In Hanson v. Globe Newspaper Company Holmes found the newspaper libel when it erred in writing critically about H.P.H Hanson as H.P. Hanson. The real H.P. Hanson filed suit. Even though there was no intent to harm H.P. Hanson, false statements of fact about Hanson made the newspaper libel in Holmes’s view. Modern courts would never come to the same conclusion. In this instance, the courts would protect the newspaper from a suit since it was an accident and could be corrected by a simple statement clearing the plaintiffs name. It is true, that false statements of fact have no First Amendment protection under modern jurisprudence. However, in this case, the statements may have been false, but they had a lawful intent (not unlawful intent). The paper simply made a mistake. If every mistake made a newspaper liable to a suit then there would be no Freedom of the Press. In Patterson v. Colorado Holmes found an ex-Senator’s editorial about the Colorado Supreme Court was in contempt. This case was about whether the government could enforce prior restraint on free-speech.
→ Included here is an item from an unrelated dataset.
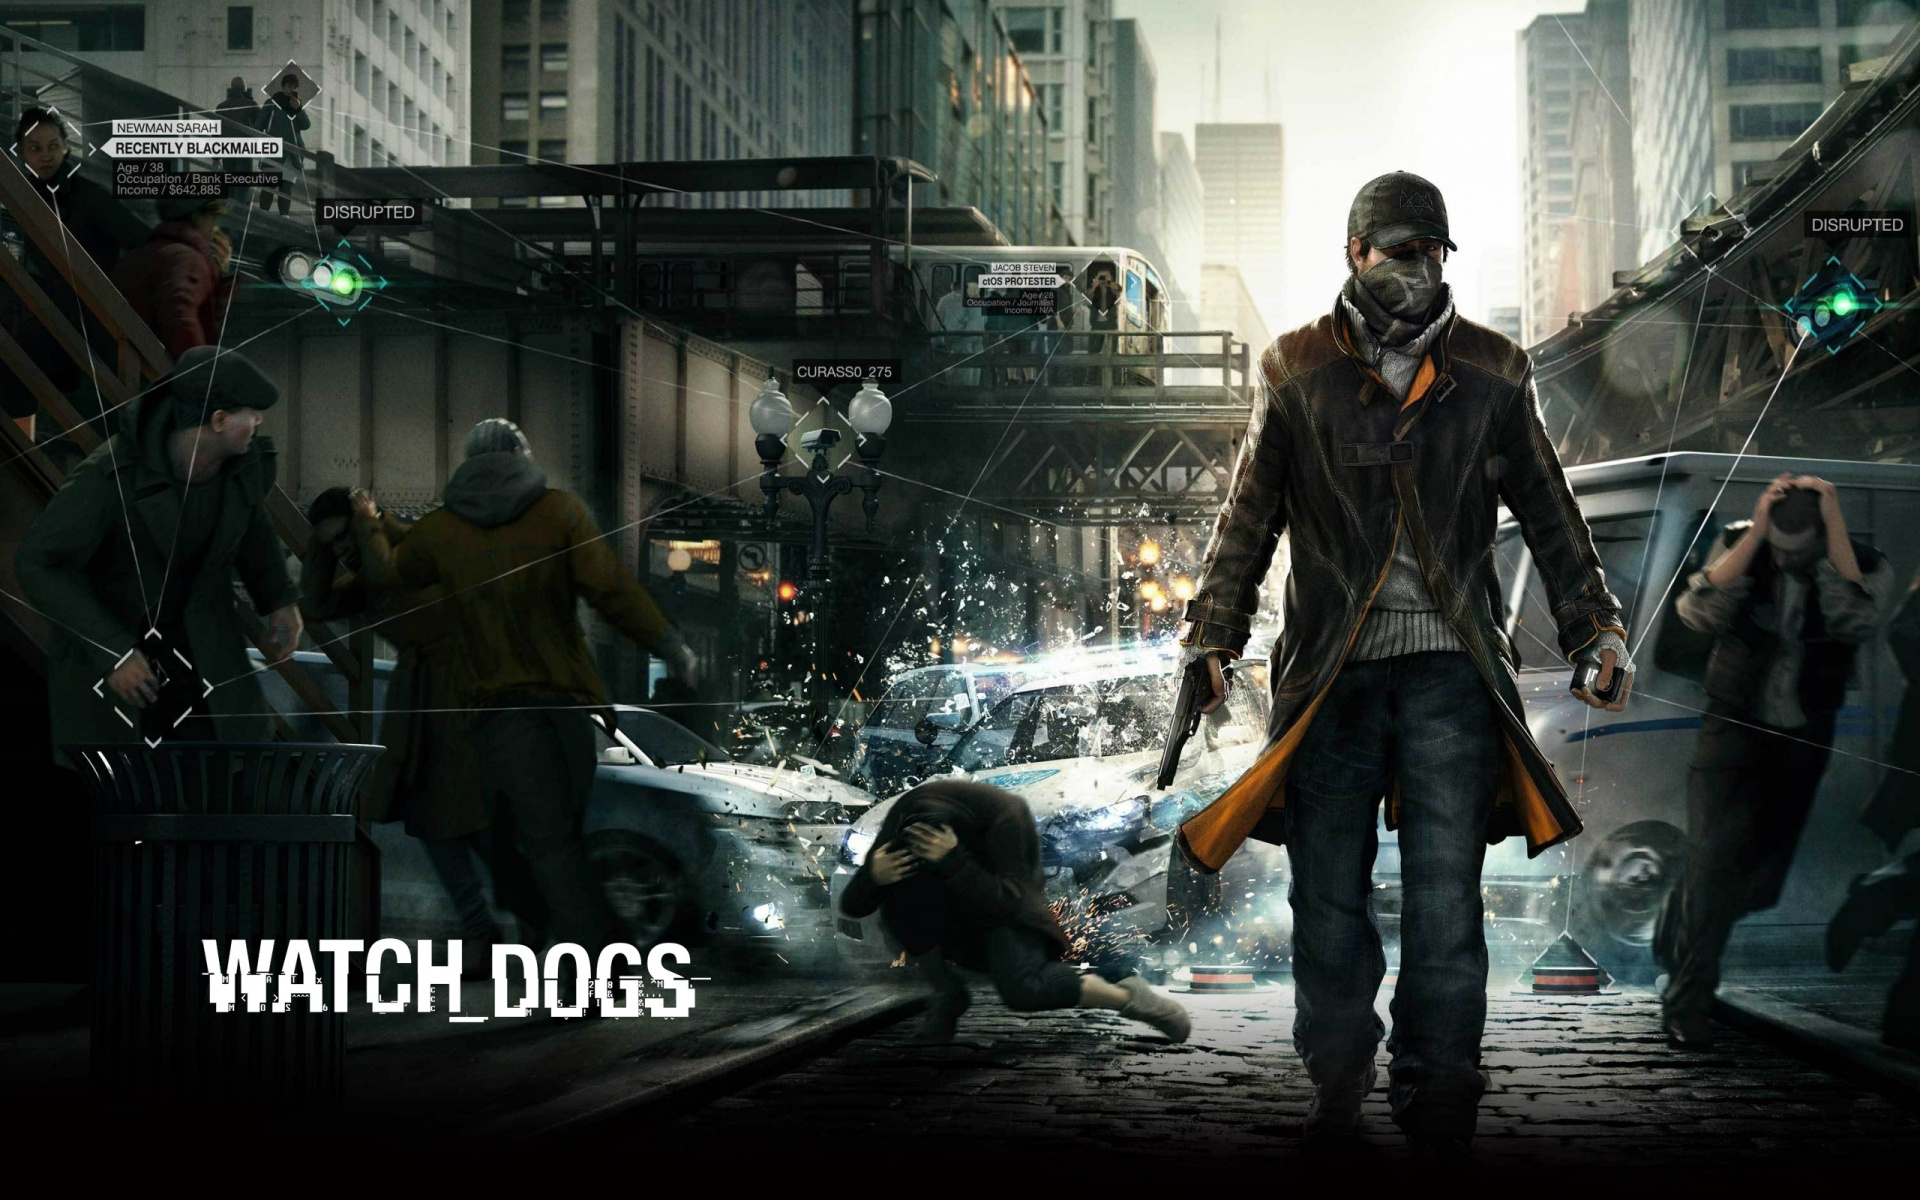 Watch Dogs Hacking Wallpaper

Even though Patterson’s speech was truthful, his editorial mentioned both current and possibly future cases before the Colorado Supreme Court. Hence, Holmes found Patterson was guilty obstructing justice and found him in contempt. However, the truthful claims by Patterson revealed potential corruption and this should never be a violation of free speech. Why would any whistleblower ever come forward if they could be found in contempt while their truthful statements are ignored? This is another bad decision because it fails to protect one of the most important forms of speech: truthful speech which identifies a crime or the violation of a person’s rights. However, in Near v. Minnesota, the Court found prior restraint of free speech unconstitutional even if the speech was untruthful or had malicious intent. Future letters indicate that even Holmes admitted he erred in Patterson. In fact, Holmes’s change of heart in his opinion for Toledo Newspaper Company v. United States was proof that Holmes knew he was wrong in Patterson. By Brandenburg v. Ohio in 1969 (only literal incitement fell outside of First Amendment protection) all of Holmes’s free speech doctrines would be abandoned. Even during the Red Scare of McCarthyism during the 1950s free speech was not restricted to the degree of Holmes’s free speech doctrines.